How to Graph a One to One Function
When trying to graph a one-to-one function, you will have to find the domain and range for the function. Let's study an easy representation of a function f(x) = x + 1.
Immediately after you know the domain and the range for the function, you need to plot the domain values on the X-axis and range values on the Y-axis.
How can you evaluate if a Function is One to One?
To prove if a function is one-to-one, we can use the horizontal line test. Once you chart the graph of a function, draw horizontal lines over the graph. If a horizontal line moves through the graph of the function at more than one spot, then the function is not one-to-one.
Since the graph of every linear function is a straight line, and a horizontal line doesn’t intersect the graph at more than one point, we can also reason that all linear functions are one-to-one functions.
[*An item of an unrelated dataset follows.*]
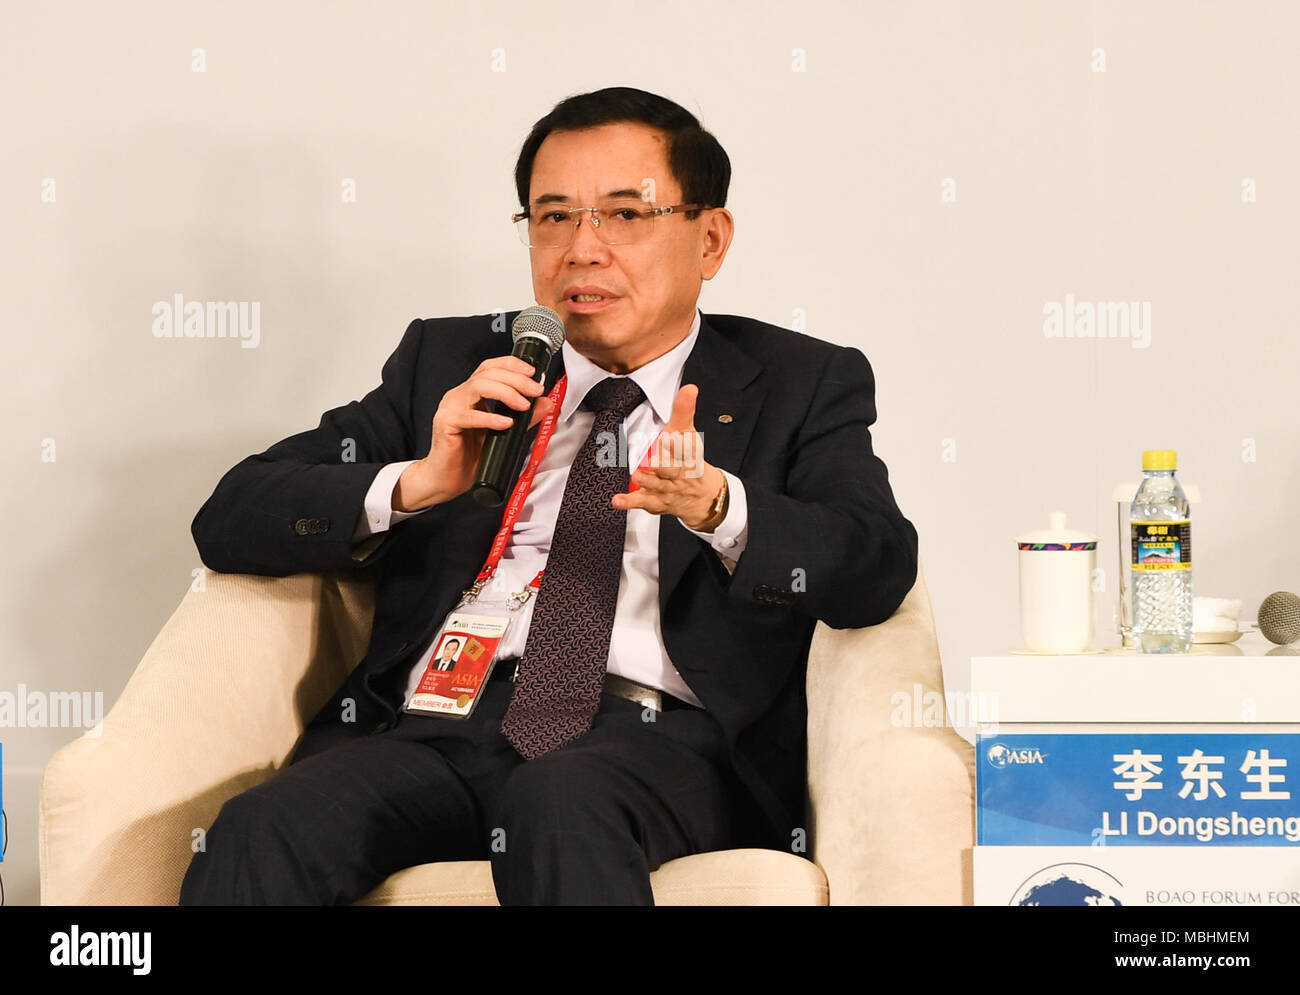 Boao, China's Hainan Province. 11th Apr, 2018. Li Dongsheng, chairman and CEO of TCL Cooperation, speaks at the session of 'The New Reform Agenda: Government vs the Market' during the Boao Forum for Asia Annual Conference 2018 in Boao, south China's Hainan Province, April 11, 2018. Credit: Yang Guanyu/Xinhua/Alamy Live News Stock Photo

Remember that we do not use the vertical line test for one-to-one functions.
Let's study the graph for f(x) = x + 1. Once you chart the values to x-coordinates and y-coordinates, you have to examine whether or not a horizontal line intersects the graph at more than one spot. In this example, the graph does not intersect any horizontal line more than once. This means that the function is a one-to-one function.
On the contrary, if the function is not a one-to-one function, it will intersect the same horizontal line more than once. Let's look at the diagram for the f(y) = y^2. Here are the domain and the range values for the function:
Here is the graph for the function:
In this case, the graph crosses multiple horizontal lines. Case in point, for both domains -1 and 1, the range is 1. Similarly, for either -2 and 2, the range is 4. This implies that f(x) = x^2 is not a one-to-one function.
What is the inverse of a One-to-One Function?
Since a one-to-one function has only one input value for each output value, the inverse of a one-to-one function also happens to be a one-to-one function. The opposite of the function essentially reverses the function.
Case in point, in the case of f(x) = x + 1, we add 1 to each value of x for the purpose of getting the output, in other words, y. The inverse of this function will remove 1 from each value of y.
The inverse of the function is denoted as f−1.
What are the properties of the inverse of a One to One Function?
The qualities of an inverse one-to-one function are the same as every other one-to-one functions. This signifies that the reverse of a one-to-one function will hold one domain for every range and pass the horizontal line test.
How do you figure out the inverse of a One-to-One Function?
Figuring out the inverse of a function is very easy. You simply need to swap the x and y values. Case in point, the inverse of the function f(x) = x + 5 is f-1(x) = x - 5.
As we reviewed earlier, the inverse of a one-to-one function reverses the function. Considering the original output value showed us we needed to add 5 to each input value, the new output value will require us to subtract 5 from each input value.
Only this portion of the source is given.